On view Museum of Fine Arts, Basement Floor, Ancient Egypt, Funerary beliefs

This funerary figurine is a typical and chronologically well distinguishable example of the painted wooden Ptah-Sokar-Osiris statue type used in a funerary context. The antecedents of the Ptah-Sokar-Osiris statues appeared during the Twentieth Dynasty among burial equipment and remained in use as late as the end of the Ptolemaic Period. The image representing the funerary god was placed close by the coffin and the mummy lying inside it. During the centuries, the elaboration of the design, the iconography and color scheme changed

considerably. Many pieces of this type had a hollow in their back or pedestal in order to hide a small funerary papyrus or a so-called corn-mummy symbolizing the rebirth of Osiris from the death. The text placed on them sometimes comprises longer hymnic compositions, but versions of shortened offering formulae were also widely used. They usually record the name of the deceased, i.e., the owner of the statue, and frequently the name of his or her short genealogy.

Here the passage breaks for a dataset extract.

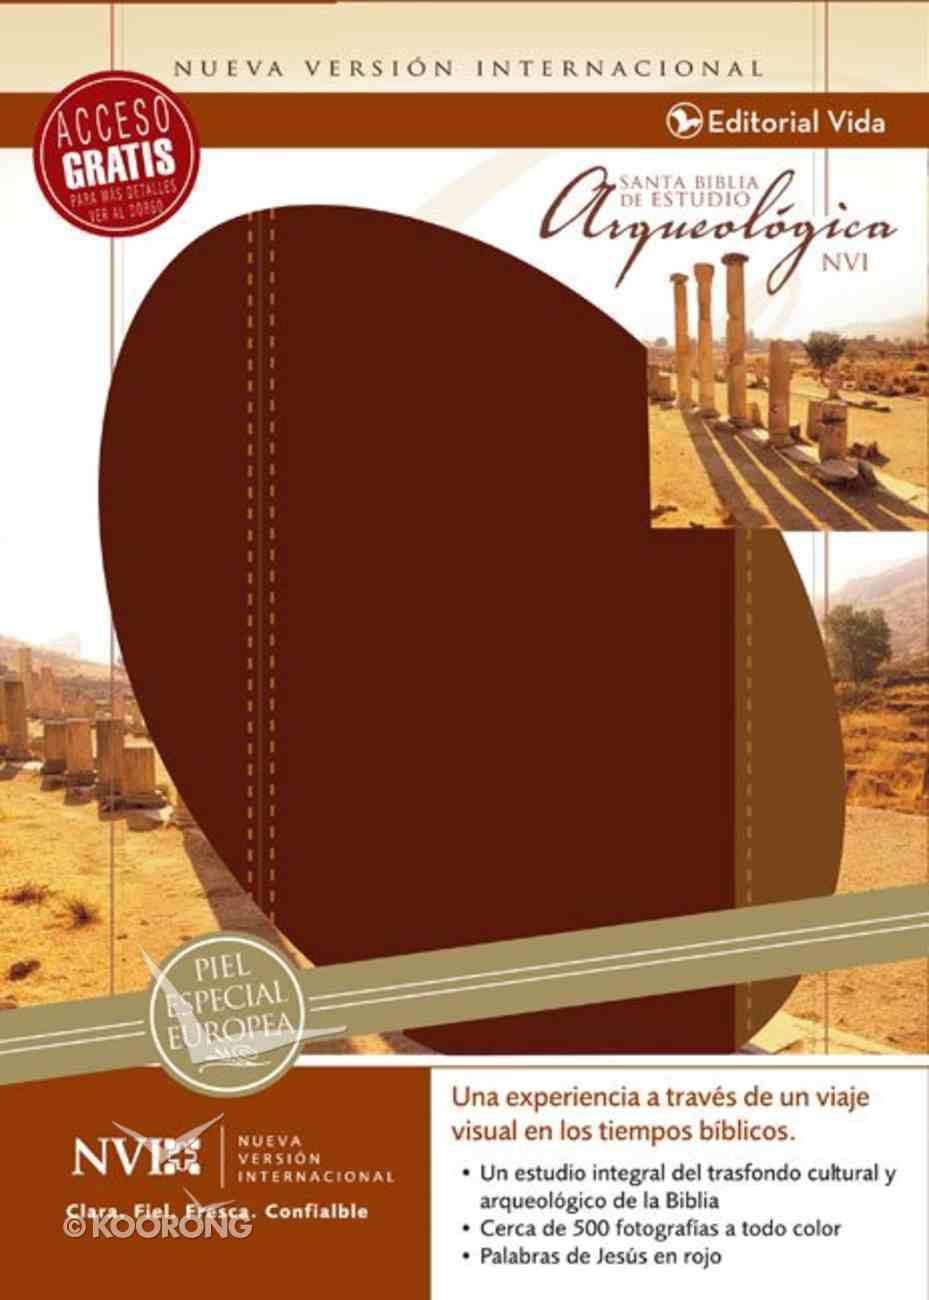 Nvi Santa Biblia De Estudio Arqueolgica (Red Letter Edition) (Nvi Archaeological Study Bible) Imitation Leather

This stubby figure is represented with a small face and a long black beard. The pigment layer is worn off in many places. There is a vertical fissure along the face that is painted in green. On the top of the head is a hole for fitting the – now missing – tall feather-crown associated with Ptah-Sokar. Below the light-colored collar, the mummified body painted in dark red is covered by a dark blue bead-net patterned motif. The short inscriptions on both the front and back sides have preserved the name of the owner: Kha-aa, son of Khonsumes. Based on the iconographic features, the piece can undoubtedly be dated to the Twenty-fifth Dynasty.